Bio (92 words)
Chris Meyns is a researcher working in philosophy and history of science. They write, speak at places worldwide, and teach at both undergraduate and graduate level in various programmes. They regularly organize workshops and run projects to further open exchange. They previously worked at the University of Cambridge, and received their PhD in philosophy from University College, London. They have held visiting positions at the Center for Philosophy of Science at the University of Pittsburgh, at the University of Toronto, LMU Munich and Yale University. They are based in Amsterdam, NL.
In my research I focus on philosophy and history of science in Europe, roughly between the years 1600 to 1800. I have written on imagination, philosophy of action, and the history of probability. More particularly, I am interested in developing theories of perception and the history of data sharing in early scientific networks during this period.
What is it for someone to perceive something? During the seventeenth- and eighteenth centuries, theories of perception — part of the history of psychology and metaphysics — came to be under immense pressure. Perception constitutes the fundamental link between individual and the world, or how individuals can interact with what is around them. What explains how perception works? My recent work has especially engaged with the contributions of two figures in this field: Margaret Cavendish (1623–1673) and Anton Wilhelm Amo (ca. 1703–ca. 1750). While working at different points in time, and coming from radically divergent angles, both authors emphasize how in perception the perceiver is never a passive, but instead necessarily makes a crucial, active contribution. More strongly, they both think perceivers to a large extent themselves responsible for their own perceptual acts. Hence, Cavendish and Amo are crucial figures who think about the place of agency in perception, and I’d like to help us better understand their work.
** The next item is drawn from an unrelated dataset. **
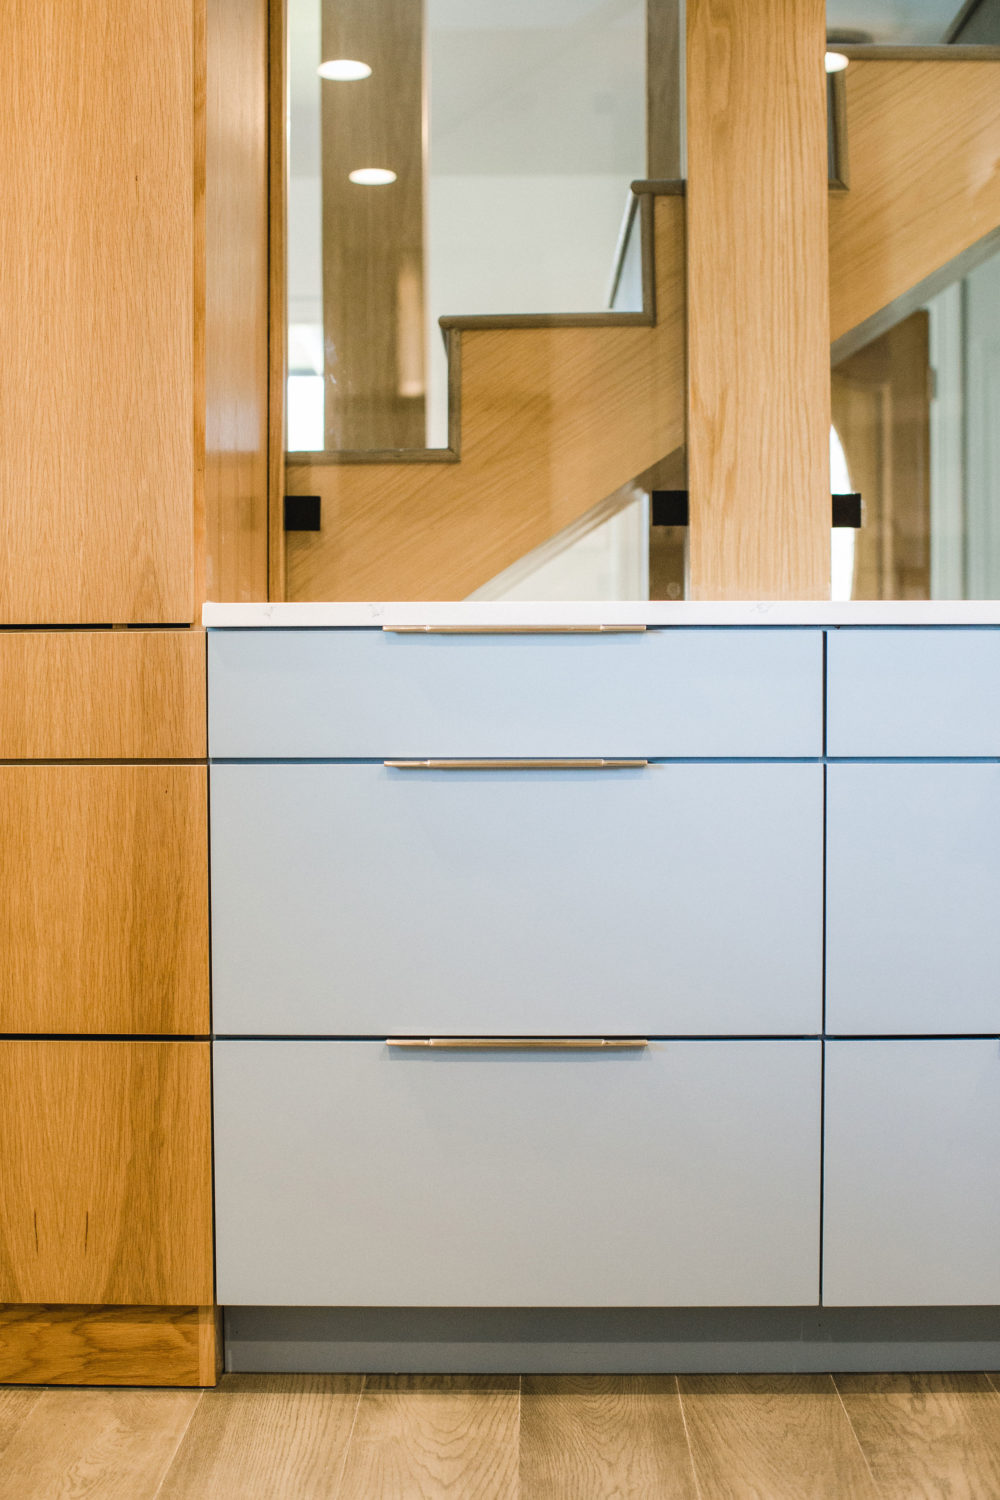 Hide Your Appliances with Custom Paneling & Garage Cabinets

The seventeenth- and eighteenth centuries saw an explosion in various forms of information exchange: from scientific correspondences to the rise of journal publications (both the Philosophical Transactions of the Royal Society and the Journal des Sçavans were founded in 1655). I am investigating both the patterns within these emerging forms of sharing information, and the ideas (sometimes ideals) behind them. What I find especially interesting here is how, at a time of rising concerns about and insistence on notions such as ‘copyright’ or ‘intellectual property’, authors in these scientific circles insist on sharing their findings, distributing data and keeping ideas flowing; in short, on keeping nascent science open. I am fascinated to see how these ideas at the roots of modern science can mean for concerns about open access publishing in today.